▶ **WORK TASK**:
Nothing but the pictures should be dropped when the records are transcribed word for word.

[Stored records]
- Opening Delimiter -
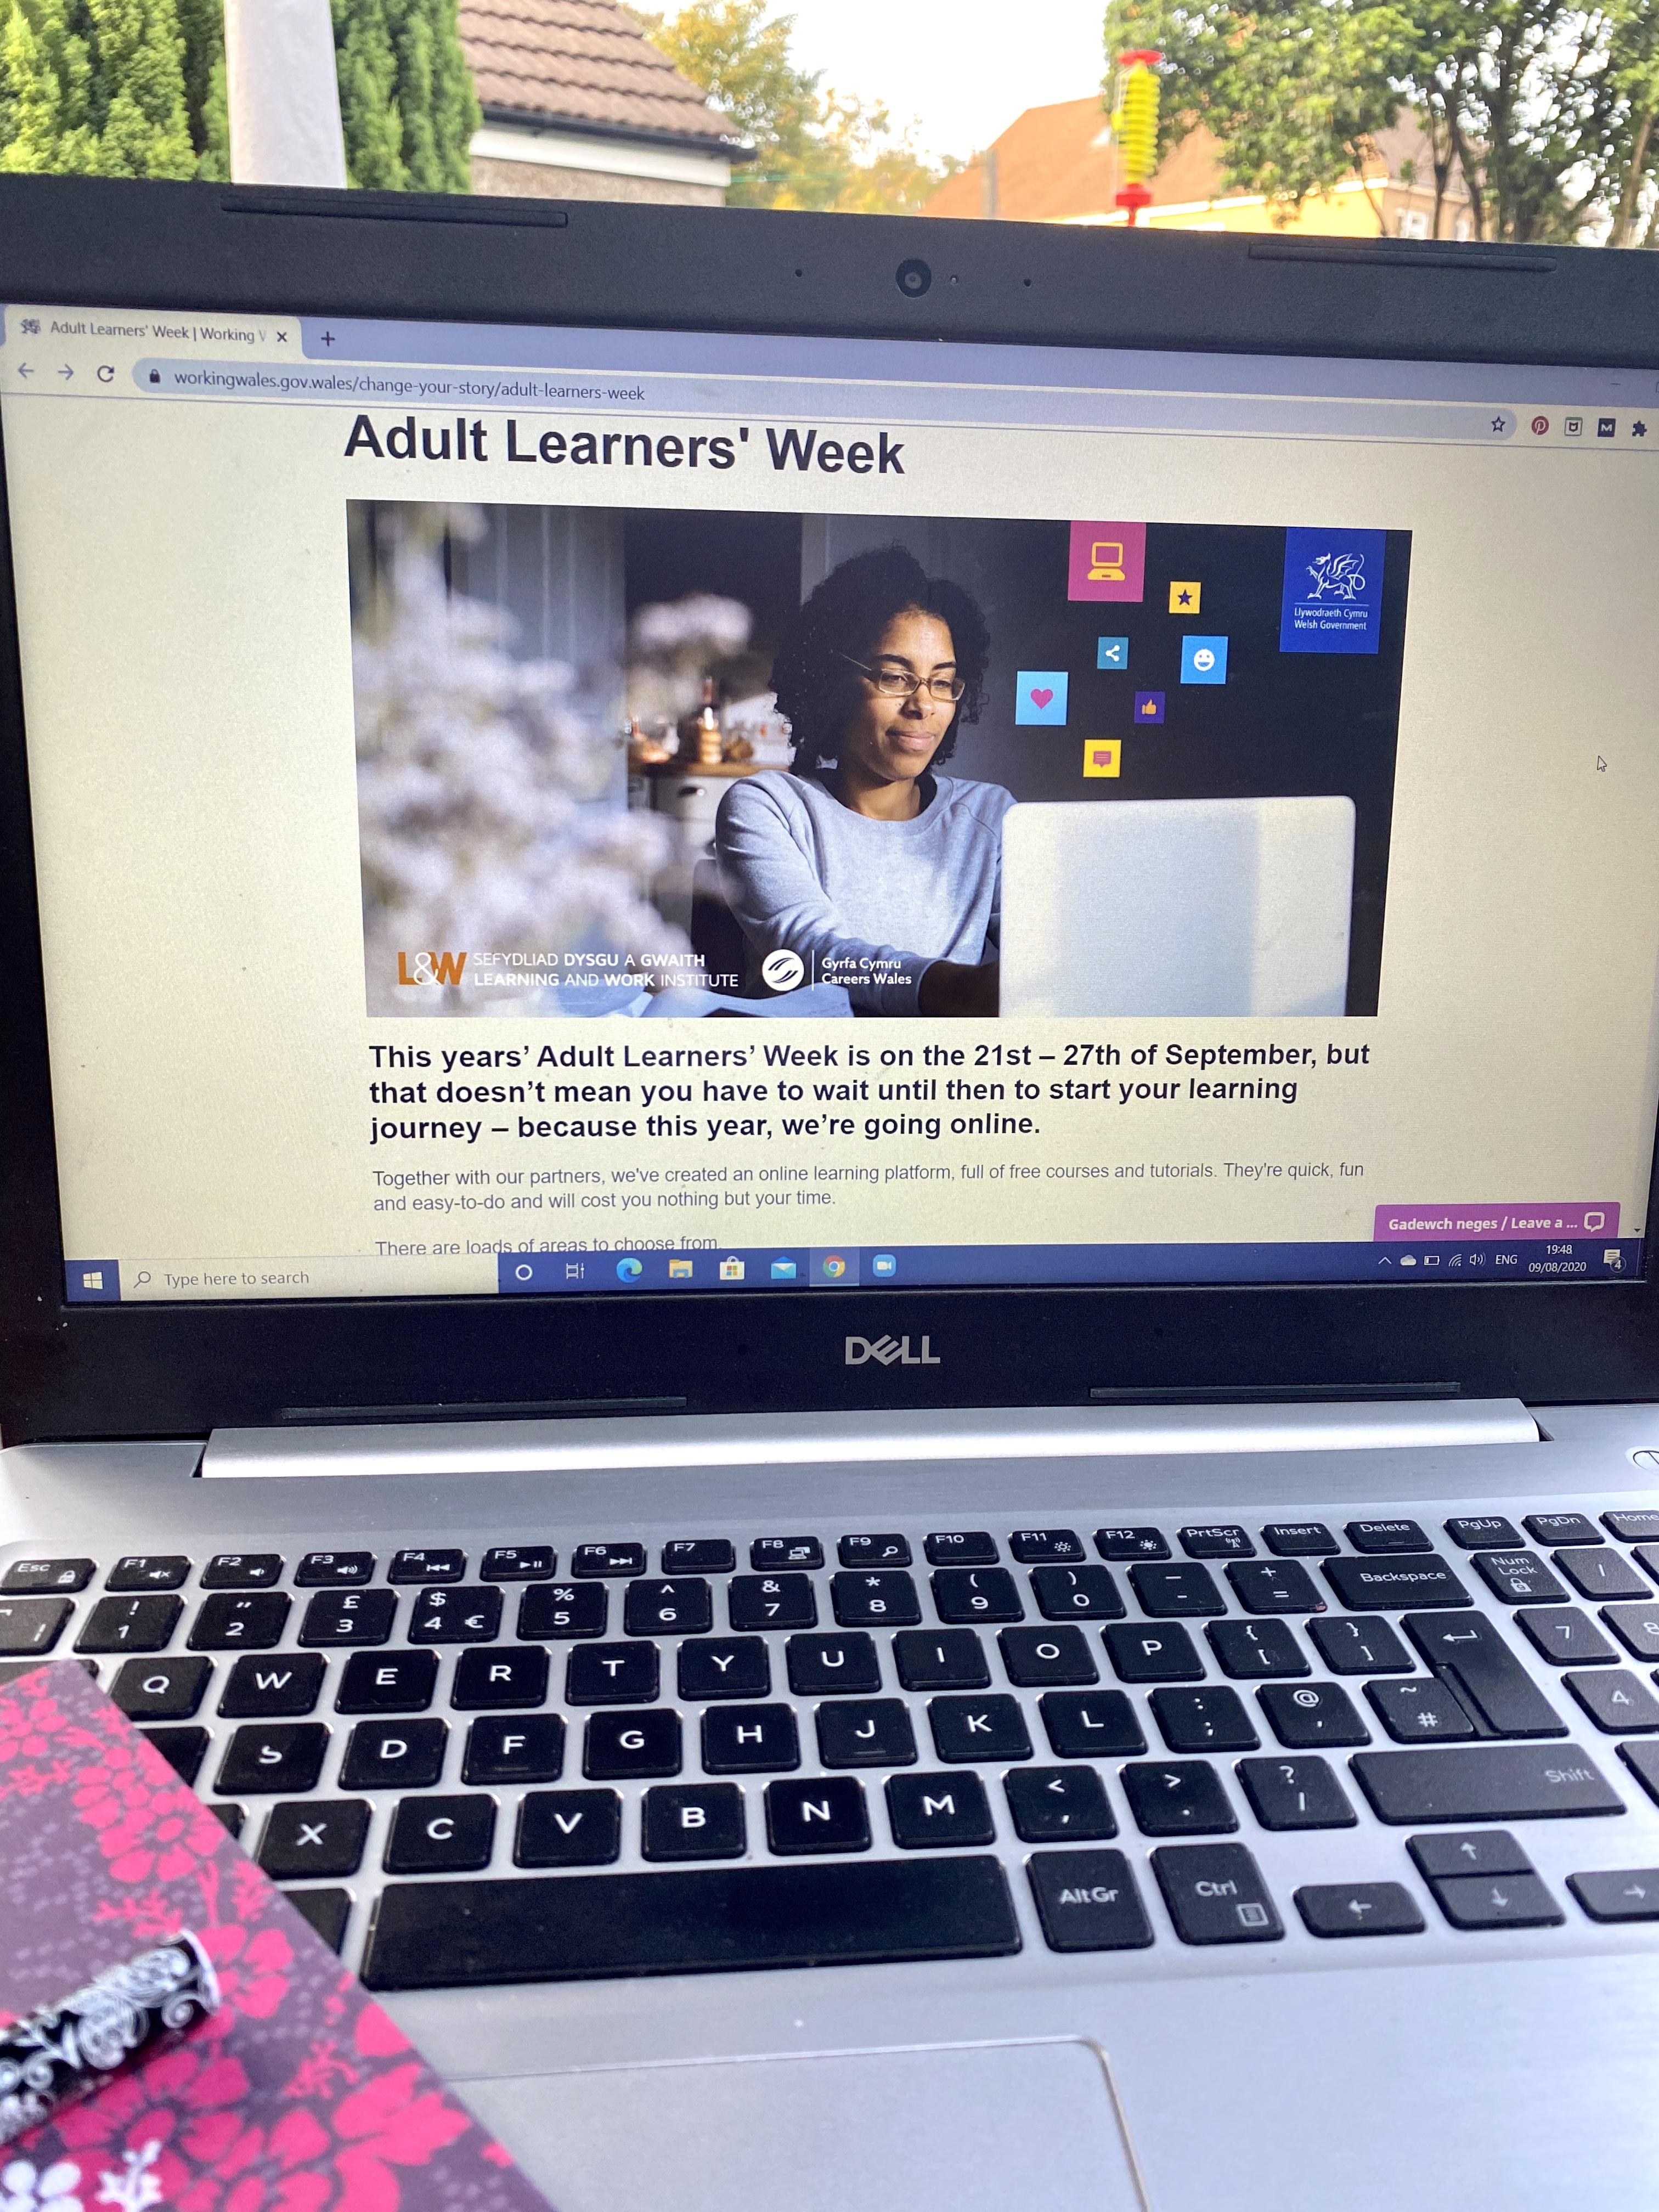 Cardiff Mummy Says Adult Learners' Week 2020
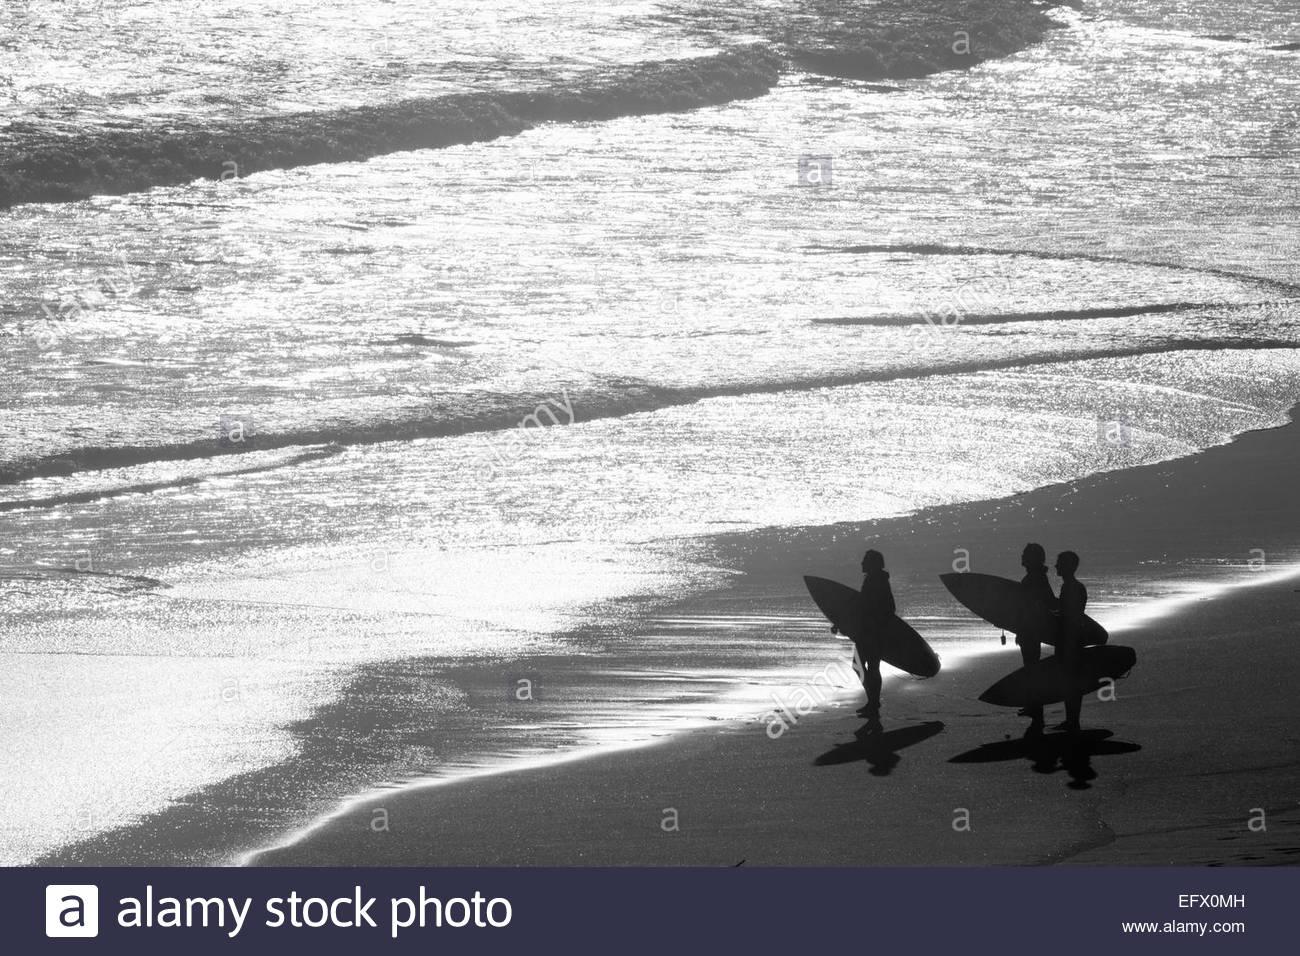 Groupe de Surfers carrying surf boards regardant la mer Photo Stock
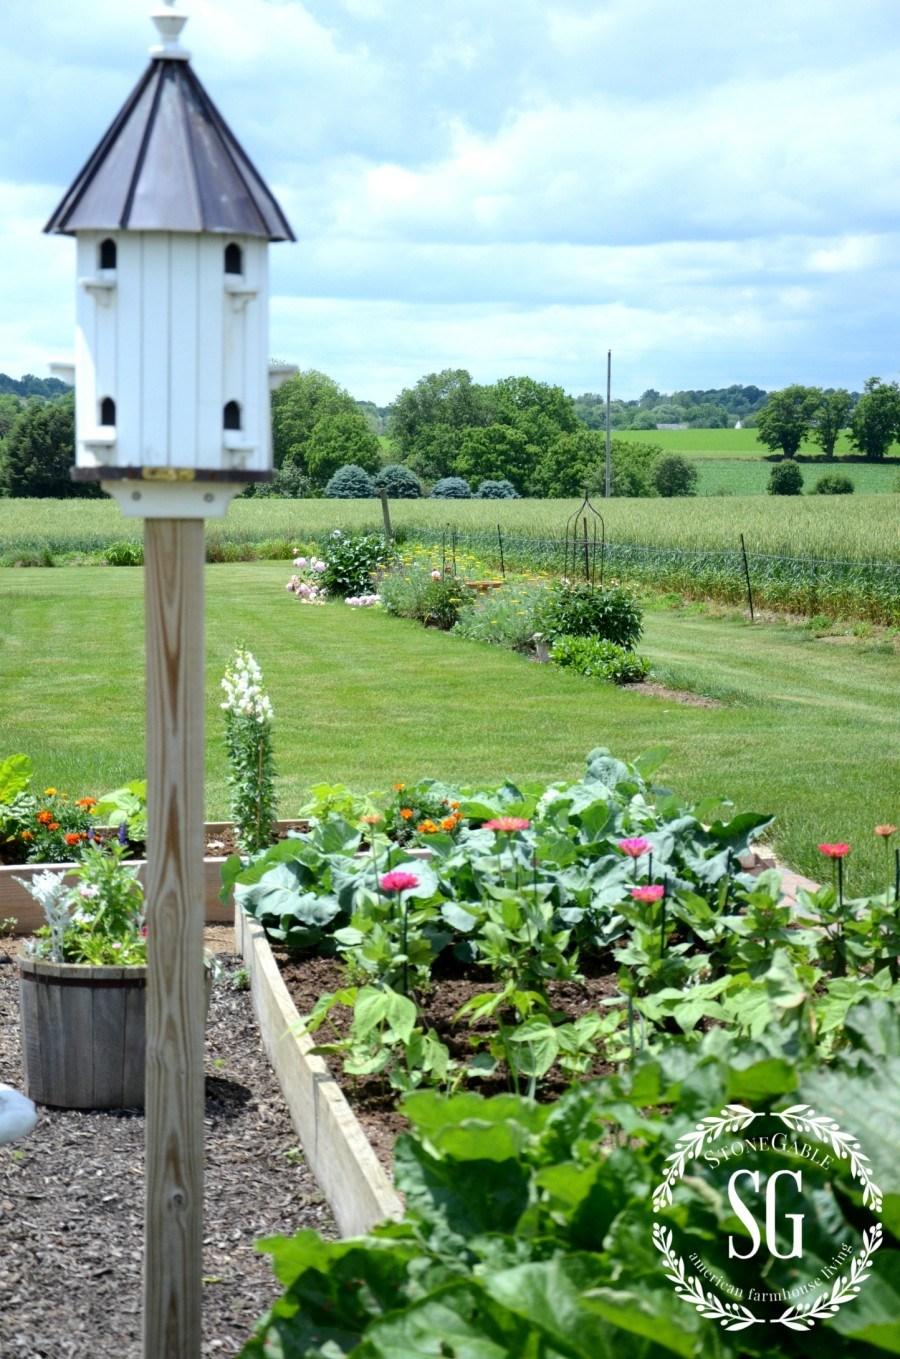 VEGETABLE GARDEN-birdhouse-vegetable garden-stonegableblog.com
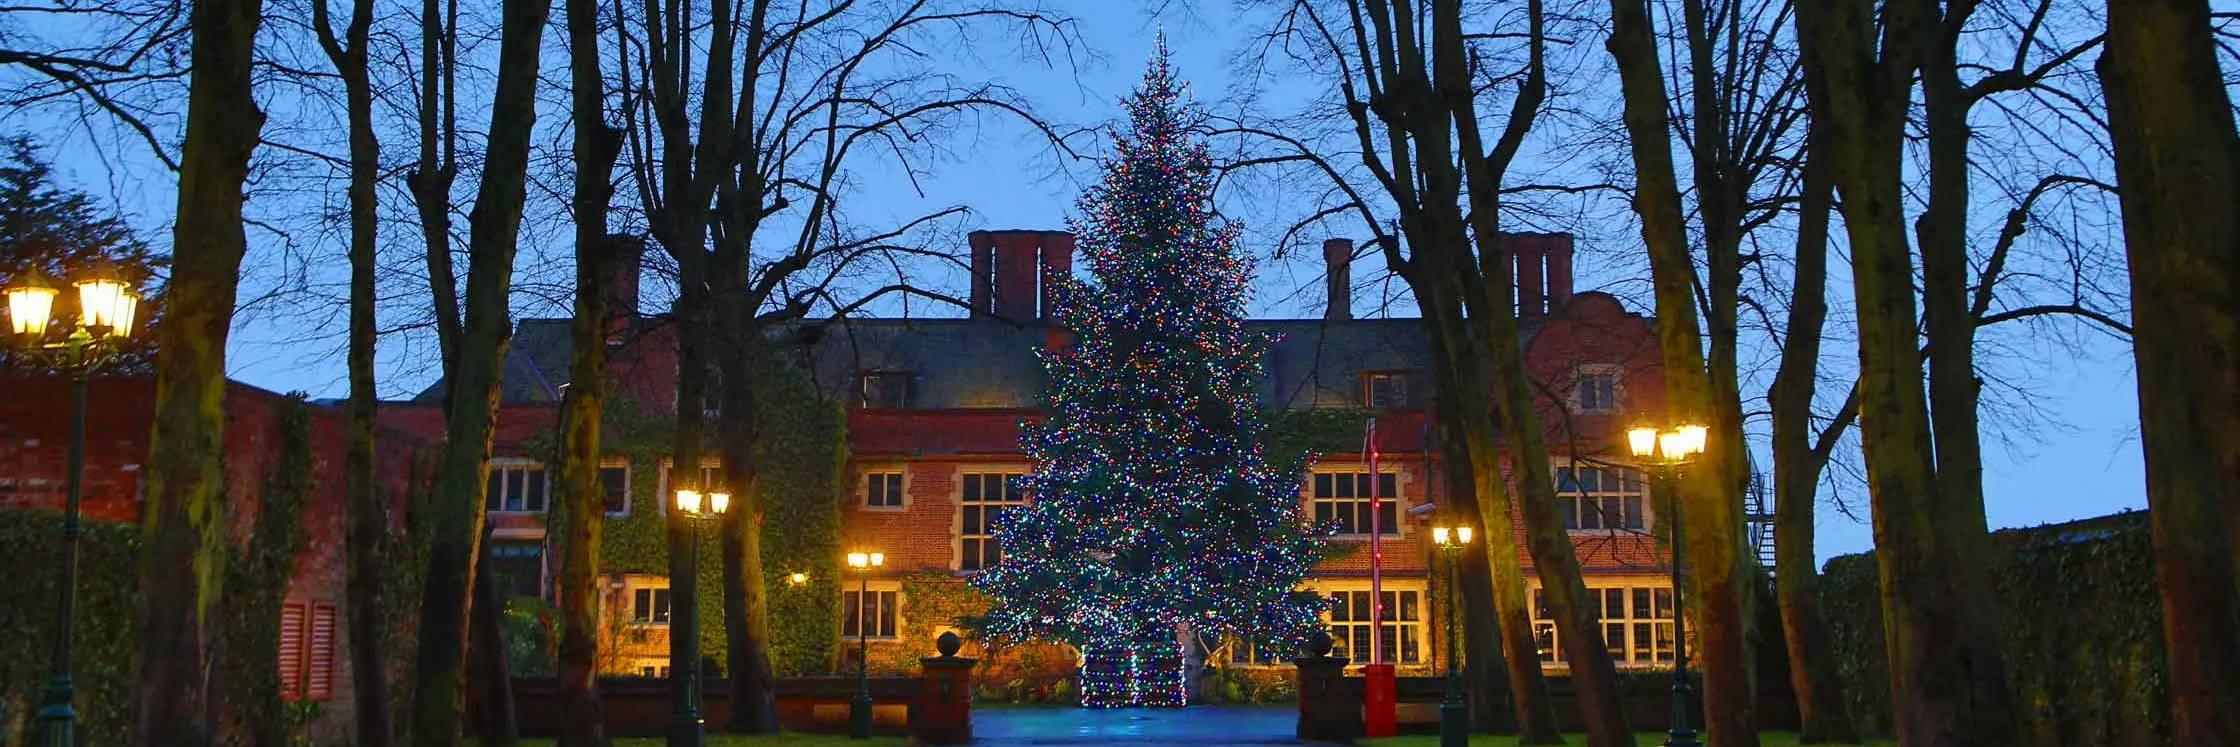 Large Christmas tree illuminated by multi coloured lights outside
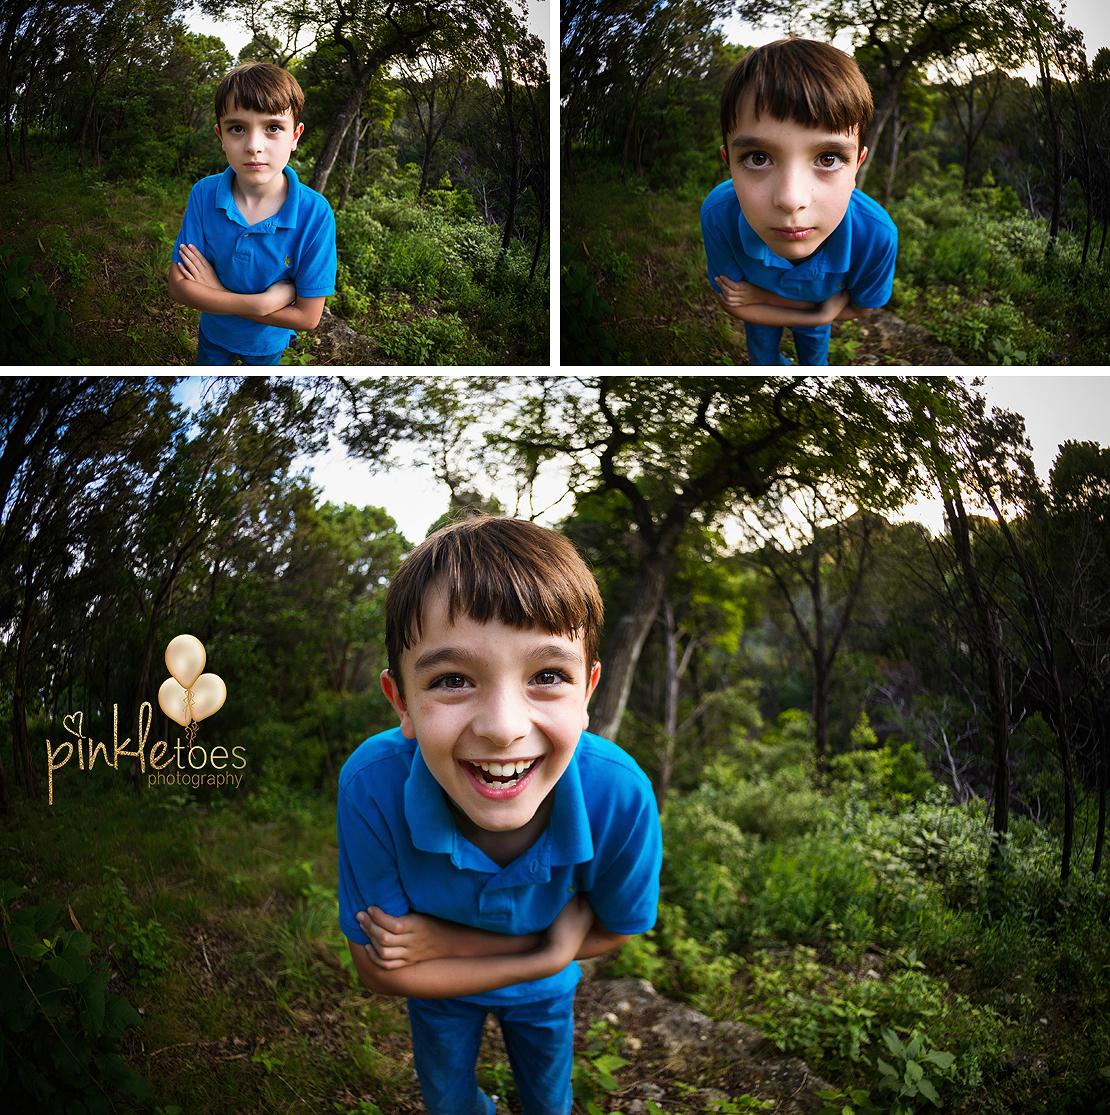 austin-kids-family-lifestyle-photography-home-dog-texas-019
- Closing Delimiter -
▶ **SOLVED PROBLEM**:
 Cardiff Mummy Says Adult Learners' Week 2020
 Groupe de Surfers carrying surf boards regardant la mer Photo Stock
 VEGETABLE GARDEN-birdhouse-vegetable garden-stonegableblog.com
 Large Christmas tree illuminated by multi coloured lights outside
 austin-kids-family-lifestyle-photography-home-dog-texas-019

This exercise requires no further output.